I am to use mathematical induction to prove:

$\sum_{i=1}^n$ $(i \times i!) = (n+1)! - 1$

my base case is n = 1

$RHS: (1 \times1!) = 1$

$LHS: (1+1)! - 1 = 1$

If I am not mistaken the next step is to assume n=k so

$=(k+1)! -1$

then I need to show k+1

$((k+1)+1)-1$ or $(k+2)!-1$

now I'm a bit confused on where to go from here.
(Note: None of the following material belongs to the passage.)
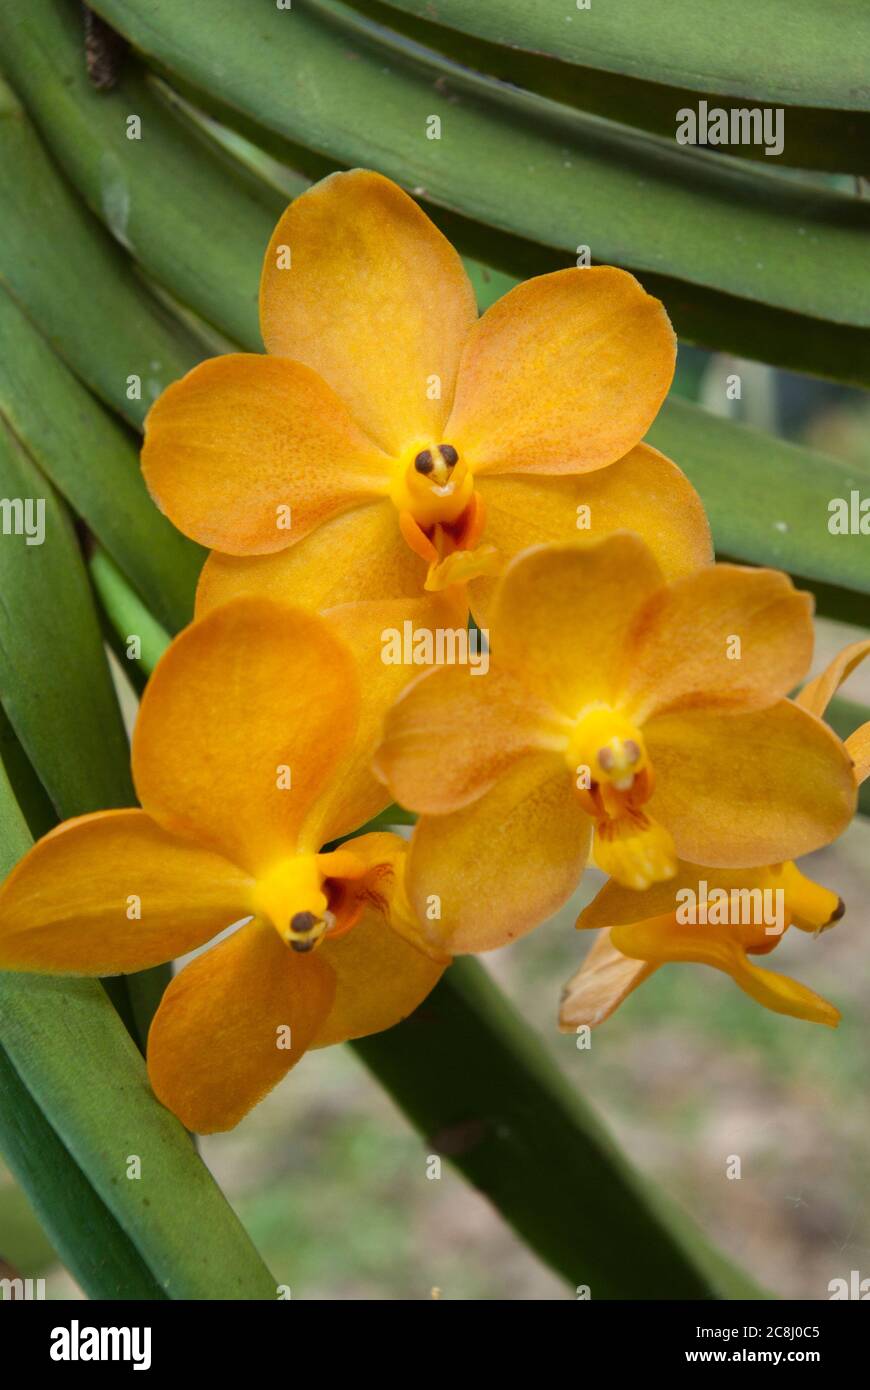 Yellow Vanda Orchid in garden Stock Photo

I THINK my next step is:

$(k+1)!-1 + (k+1 \times k+1!)$

Is this the correct next step? if it is how do I algebraically show that it is equal to $(k+2)!-1$

Any help is appreciated guys! Thanks!

Answer 1

The next is indeed $$(k+1)!-1+(k+1)(k+1)!=(k+1+1)(k+1)!-1=(k+2)!-1.$$

This remarkable identity can be used to define a factorial basis of the integers.

Answer 2

So let's assume that $$ \sum_{i=1}^k (i\cdot i!)=(k+1)!-1. $$ Then for the $k+1$ case, we have $$ \sum_{i=1}^{k+1}(i\cdot i!)=(k+1)\cdot (k+1)!+\sum_{i=1}^k(i\cdot i!)=(k+1)\cdot (k+1)!+(k+1)!-1. $$ Factoring out $(k+1)!$ from the last term, we have $$ \sum_{i=1}^{k+1}(i\cdot i!)=(k+1)![1+k+1]-1=(k+2)!-1 $$ just like you want.

Answer 3

You already verified the base case.

If it holds for $n$, let us demonstrate it for $n+1$. We know that: $$ \sum_{i=1}^nii!=(n+1)!-1, $$ and $$ \sum_{i=1}^{n+1}ii!=\sum_{i=1}^nii!+(n+1)(n+1)!. $$ The first term, $\sum_{i=1}^nii!=(n+1)!-1,$ is, for induction assumption, equal to $(n+1)!-1$, thus: $$ \sum_{i=1}^nii!+(n+1)(n+1)!=(n+1)!-1+(n+1)(n+1)!=(n+1)!(1+n+1)-1= $$ $$ =(n+2)!-1, $$ Hence: $$ \sum_{i=1}^{n+1}ii!=(n+2)!-1, $$ q.e.d.